Muggleston: As we rapidly move more and more transactions online, we can measure things in different ways and increase the amount of data that is structured and readily usable. However, that will never fully replace the insights gained from talking to our customers directly. We use tools like QUID to interpret and make sense of unstructured data, and conversation AI tools like Ushur which allow us to understand free format chats and emails and accurately determine both sentiment and the action required – which we are increasingly able to then automate.
FST Media: In your view, what has stood in the way of Kiwi insurers reaping the full potential of their vast data repositories?
Muggleston: The obvious answer to this is the constraints of legacy systems and processes, which just makes it really hard. Many companies are able to analyse large datasets and gain useful insights at a point in time, but it is much harder to embed this into real-time customer journeys and business decision-making processes.
However, I think the bigger barrier is our imagination.
I often hear that we can’t do things because we don’t have the data and, yet, often we have more than enough and we just have to think differently about how we frame the question or whether we can use existing data as a proxy for the missing information.
Lastly, without truly understanding the data that we have, we all know, at some level, that it is important and that we should safeguard it. But this drives a behaviour where we hold onto it and miss the opportunities that come from sharing and partnering to create new value and insights.
FST Media: The Covid crisis saw a period of rapid change and transformation for the insurance sector. How effectively do you feel the sector has evolved to meet customer needs through this period?
Muggleston: I think most companies handled this incredibly well. We all had a desire to operate more digitally and remotely so the lockdowns simply accelerated the work that was already underway.
Tower had 96 per cent of our staff working effectively from home in 48 hours, and we were able to seamlessly execute all our key customer service processes.
However, what it did expose was the broader ecosystem and supply chain in which we play.

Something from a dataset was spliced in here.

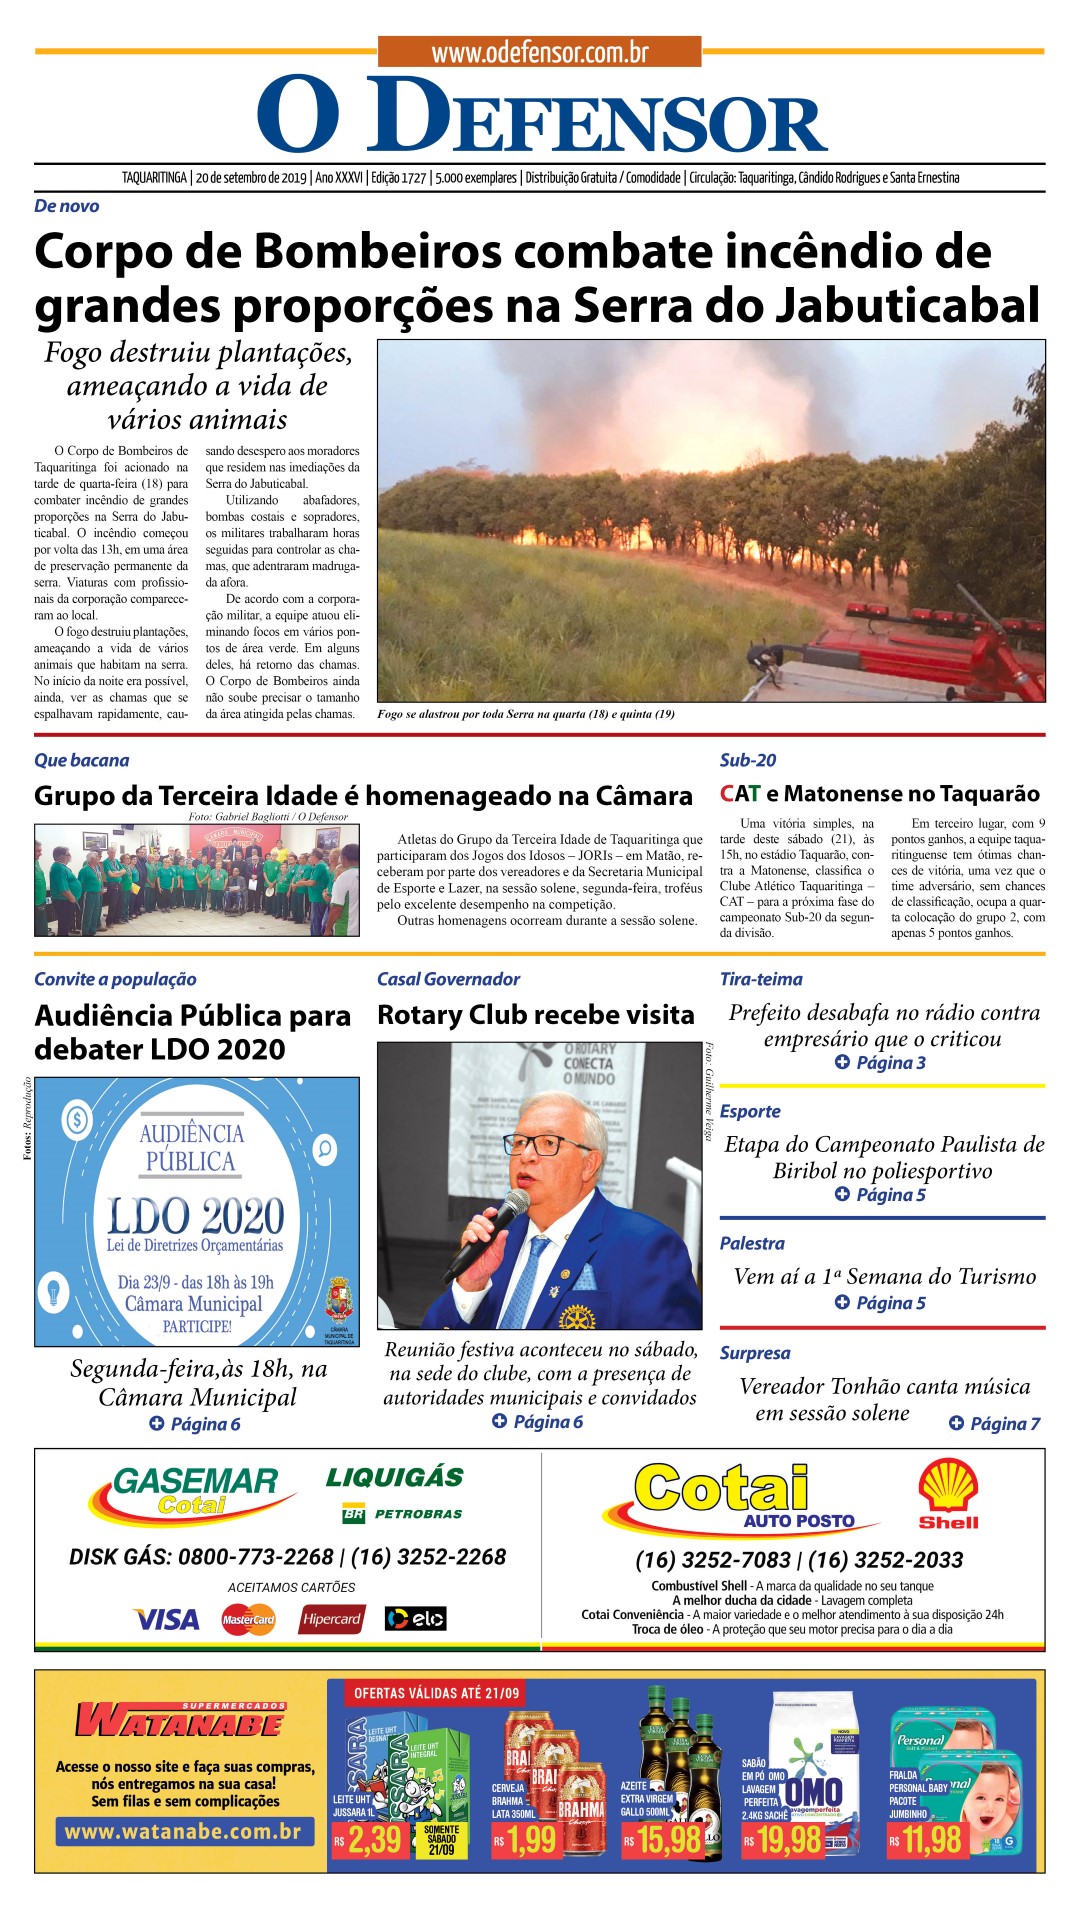 Dois Pontos - O Defensor  O Portal de Notícias de Taquaritinga e região

As I mentioned earlier, our ability to share data and operate seamless digital processes across our partners’ ecosystems is nowhere near as mature as our internal processes. This is our next big area of focus.
FST Media: What do you feel is characteristic of your leadership style? How has this served to inspire and motivate your workforce to problem solve outside the box?

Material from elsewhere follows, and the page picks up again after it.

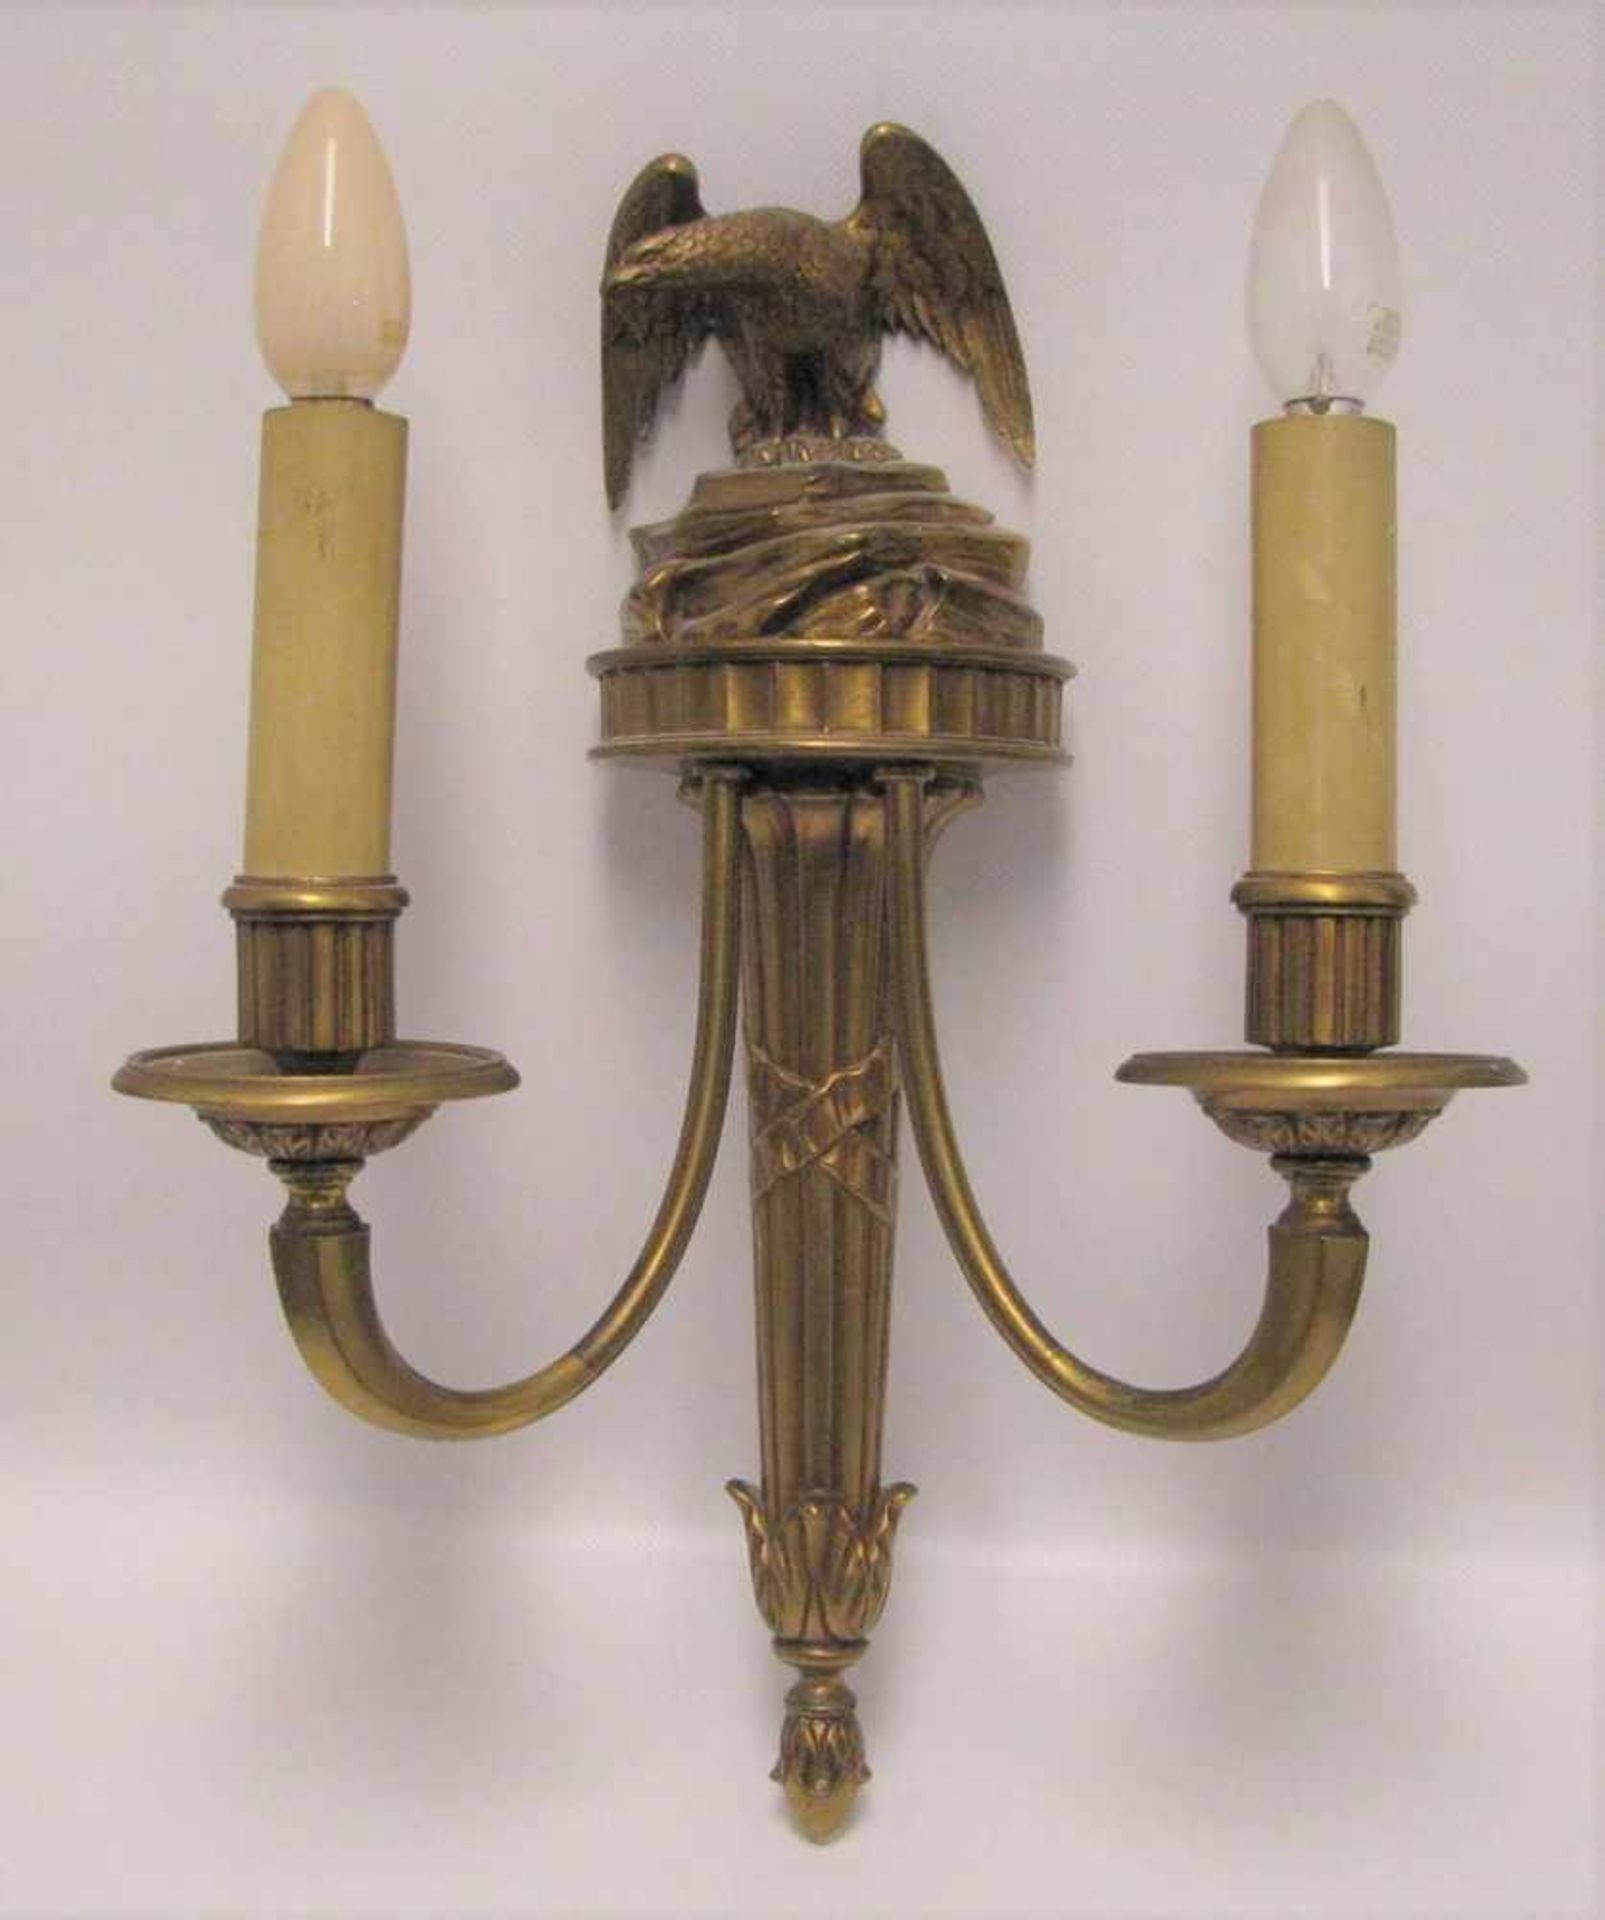 Wandkerzenleuchter, Napoleonischer Stil, Bronze, Adlerfigur, 2-flammig, 42 x 31 x 16 cm.- - -19.00 %

I would simplify this down to authenticity and empowerment. Bringing your true self to work rather than a fancy persona creates an environment where your team is able to be at their best, to think creatively without judgment, and to share what they are actually thinking.
Peter Muggleston is a featured keynote speaker at FST’s Future of Financial Services, Auckland conference, exploring new value-creation opportunities from data, cloud, and API integrations.